Data provided >>
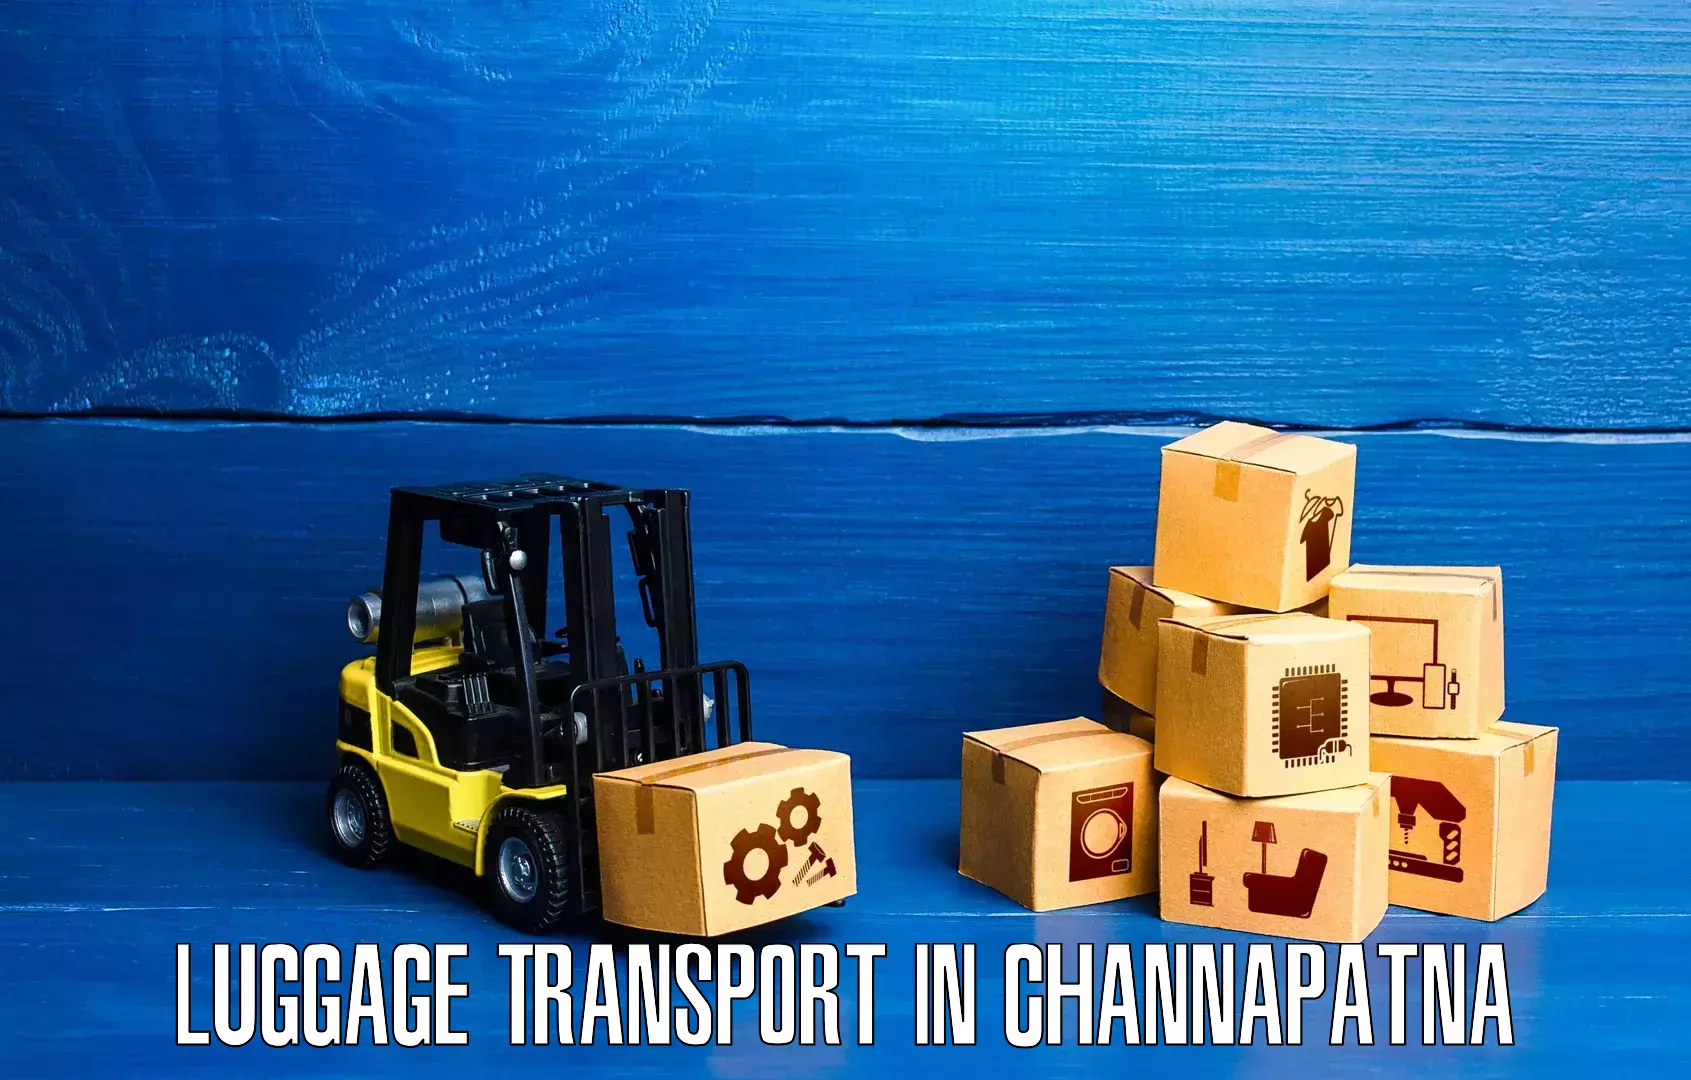 Multi-destination luggage transport in Channapatna
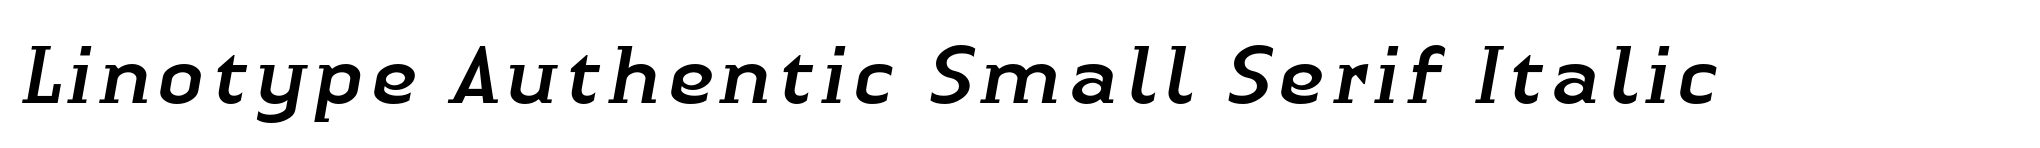 Linotype Authentic Small Serif Italic image
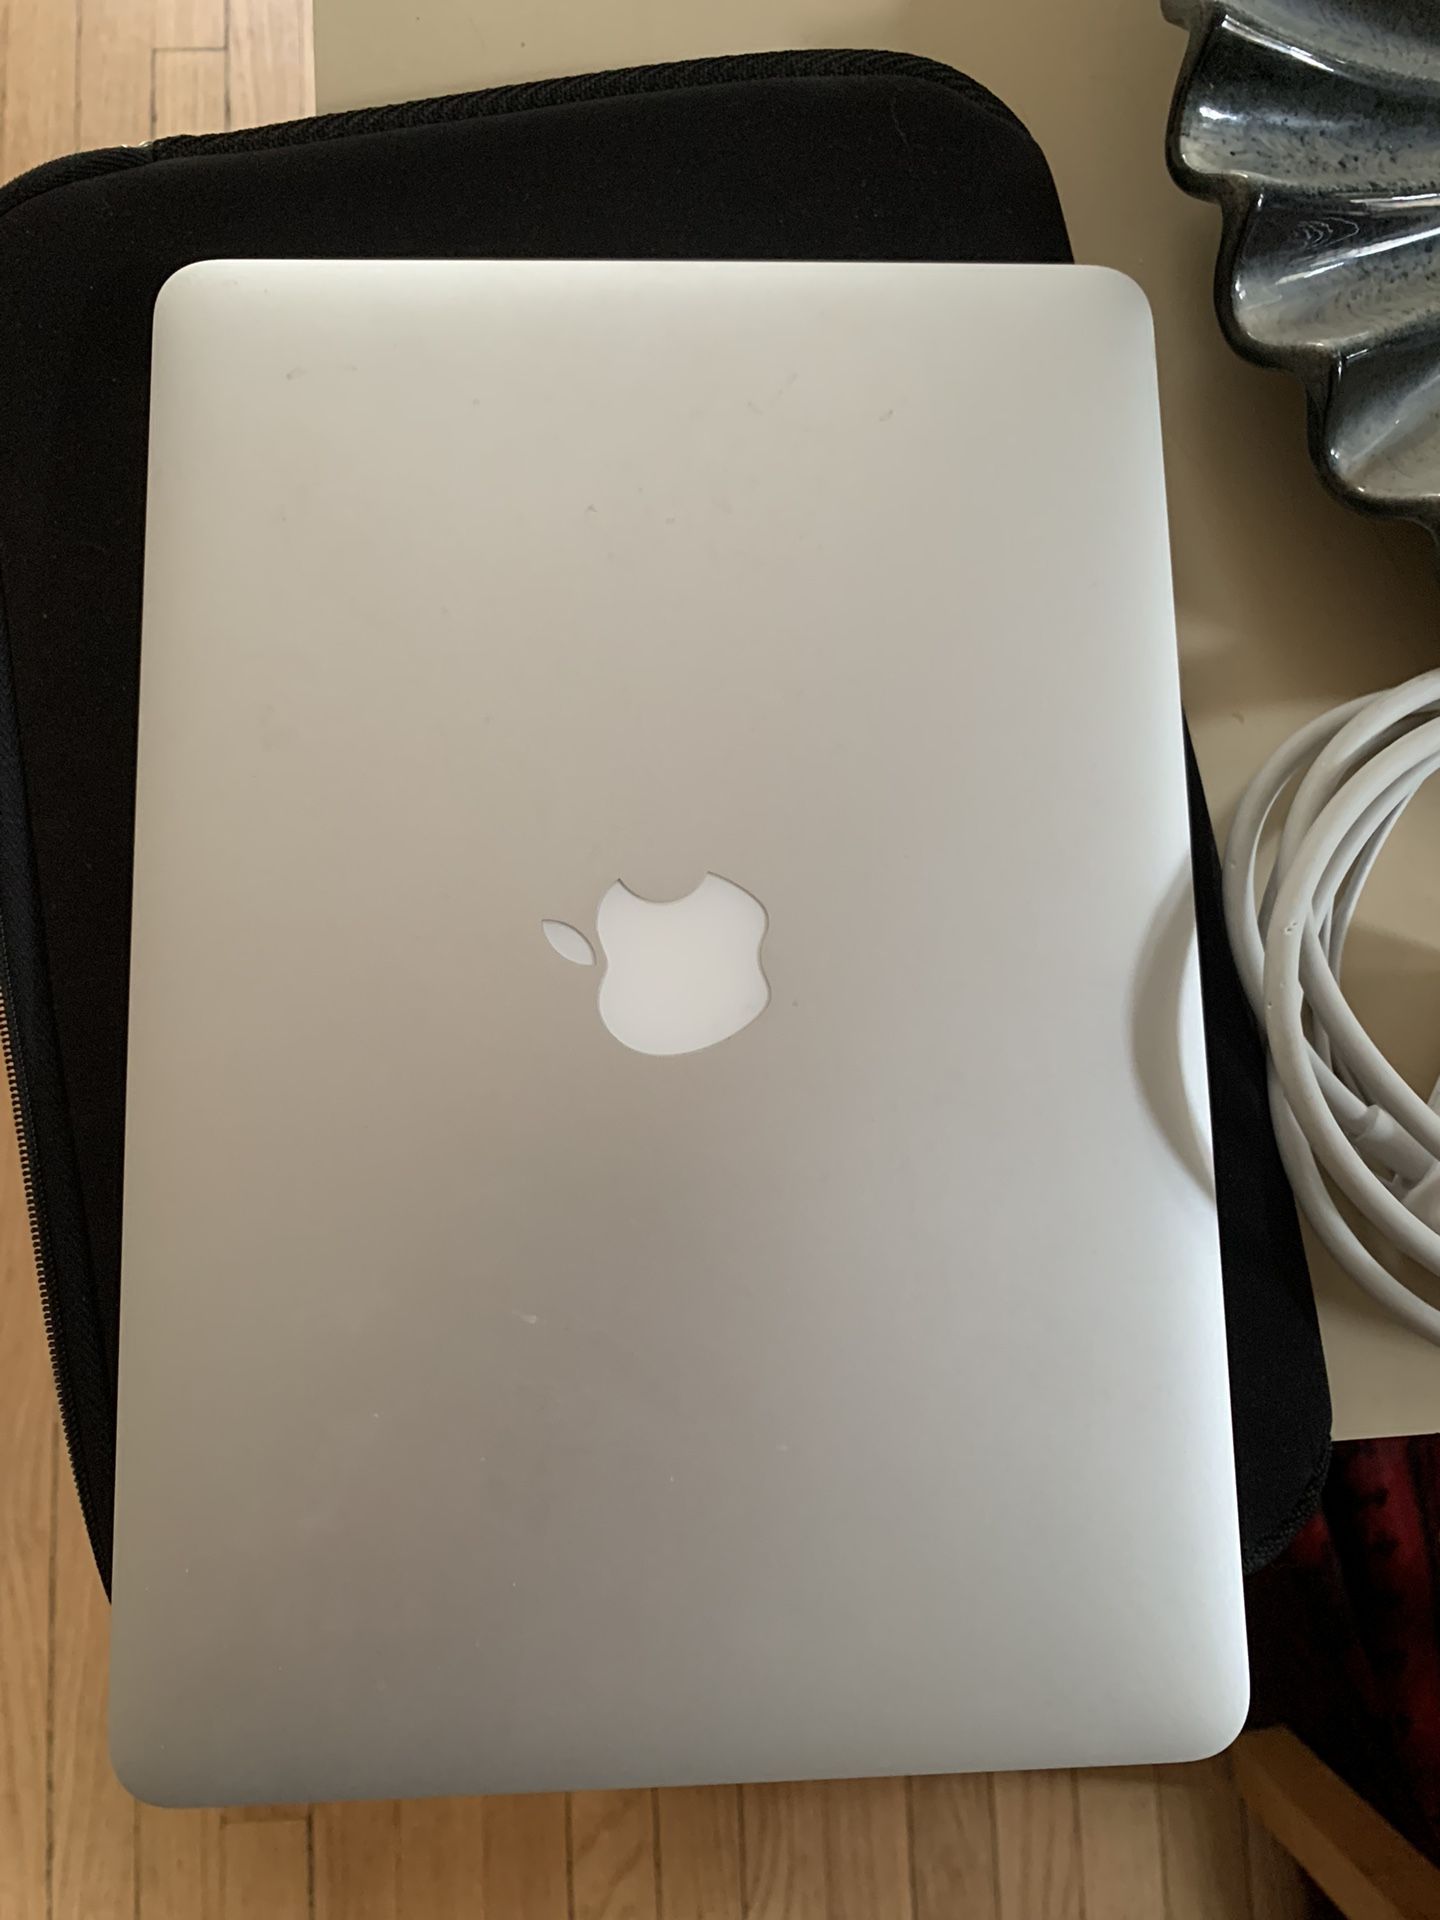 Mid-2015 Macbook Pro Retina 13” Laptop
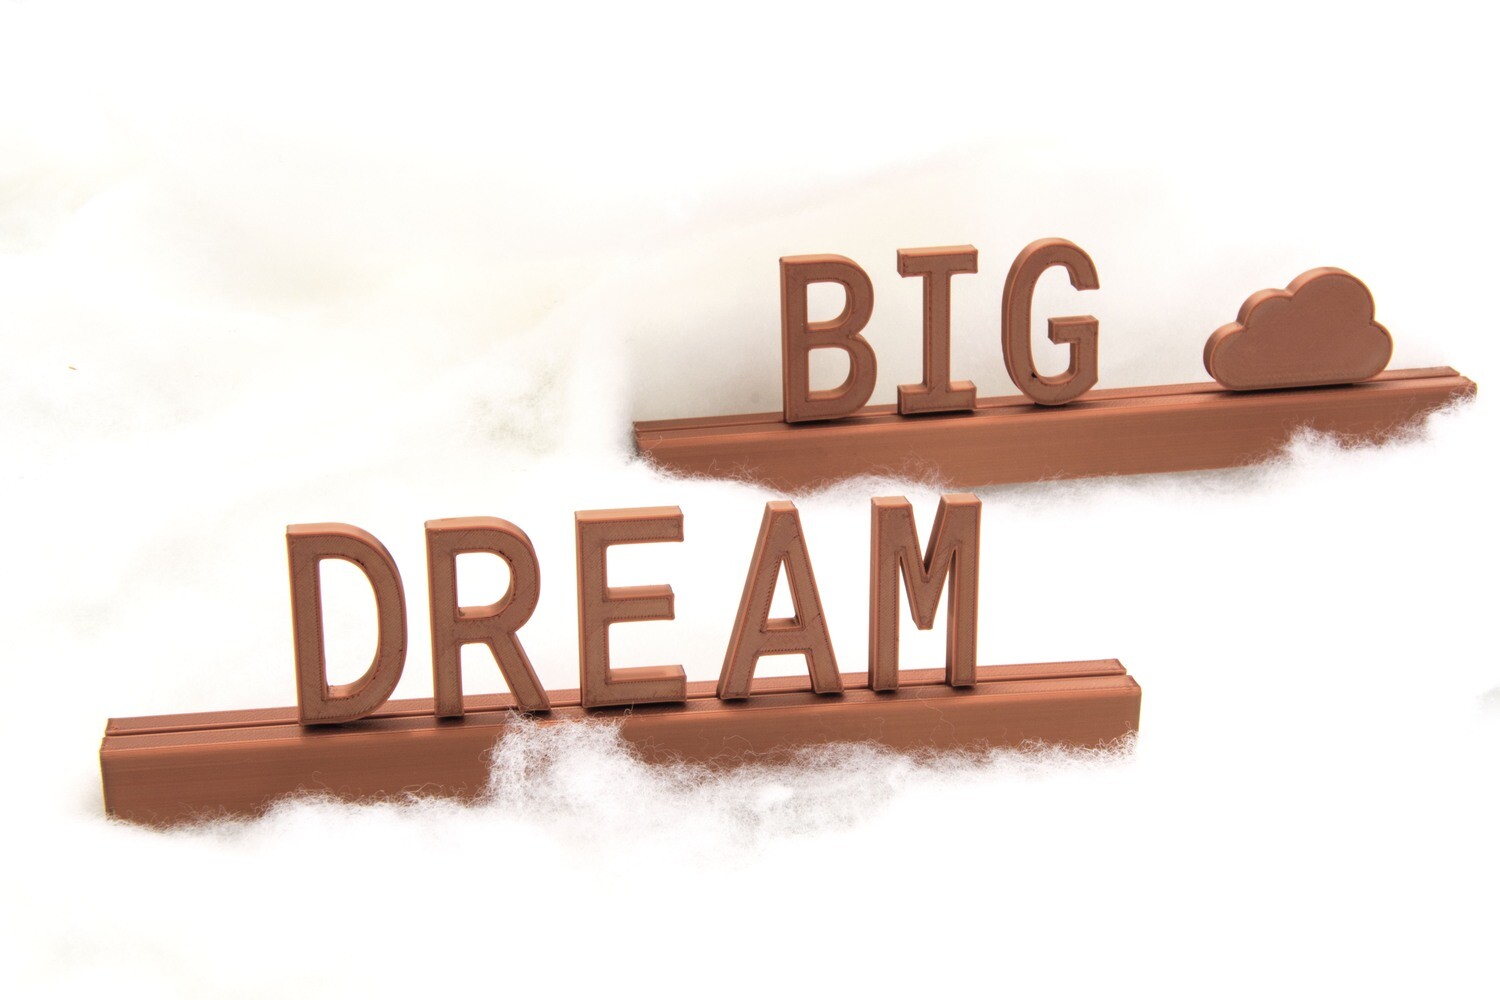 "Dream big"
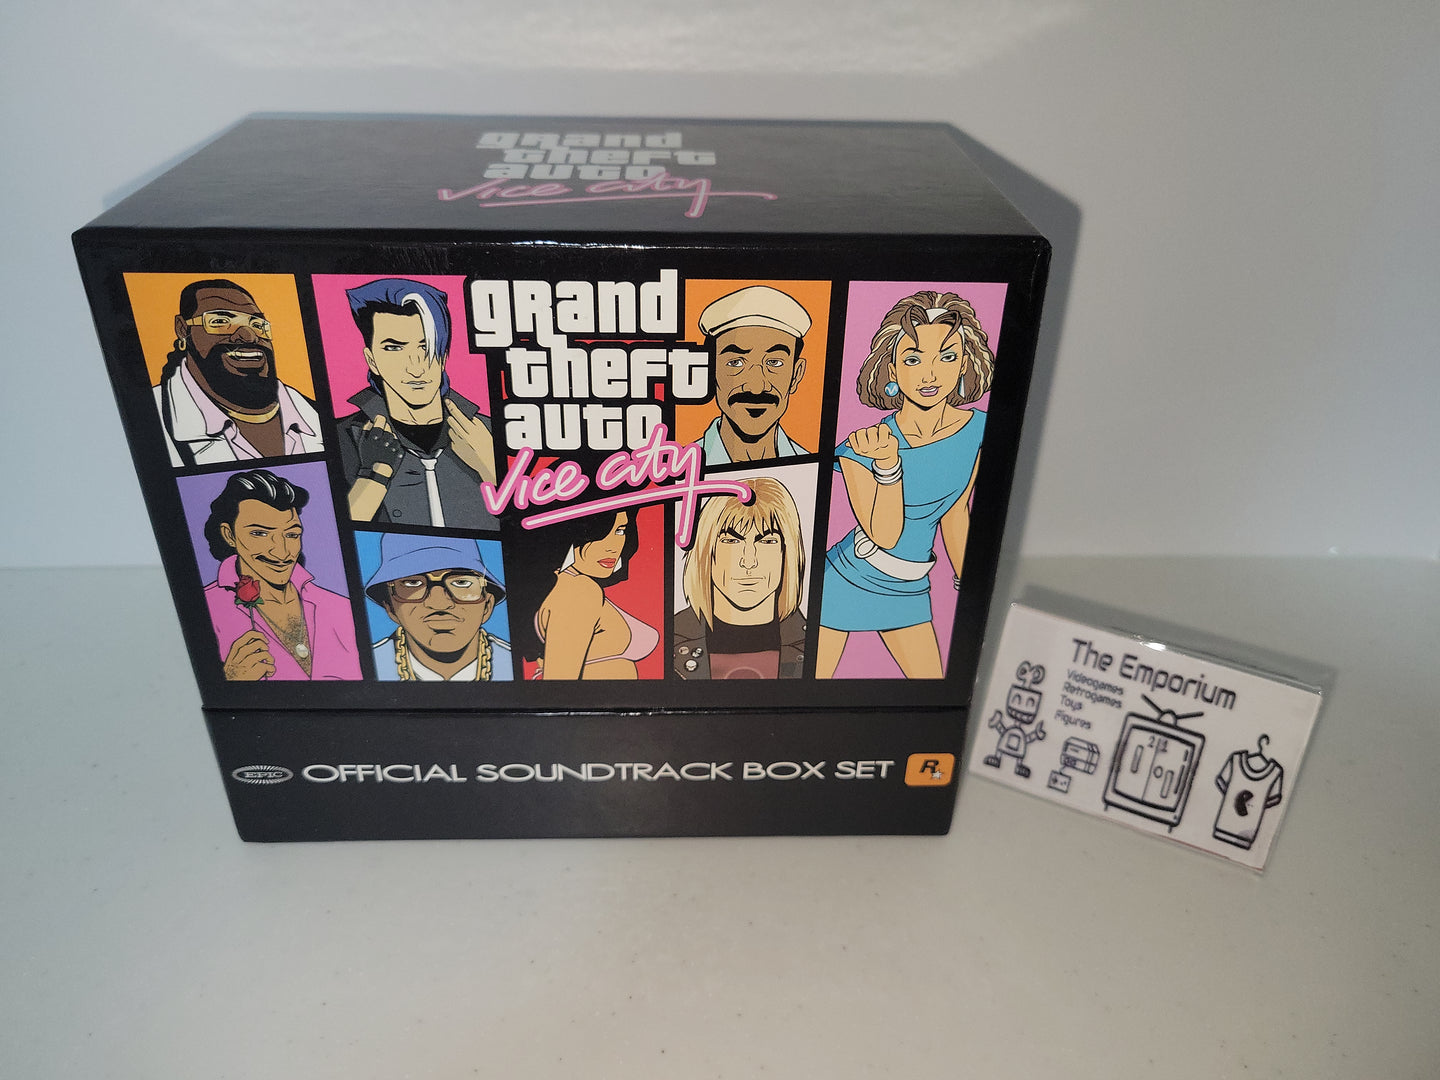 Grand Theft Auto: Vice City Box Set Original Soundtrack CD - Music cd soundtrack

Task to complete >> The entries are to be restated word for word, and no picture should appear in the copy.

Your response >>
 Multi-destination luggage transport in Channapatna
 Linotype Authentic Small Serif Italic image
 Mid-2015 Macbook Pro Retina 13” Laptop
 "Dream big"
 Grand Theft Auto: Vice City Box Set Original Soundtrack CD - Music cd soundtrack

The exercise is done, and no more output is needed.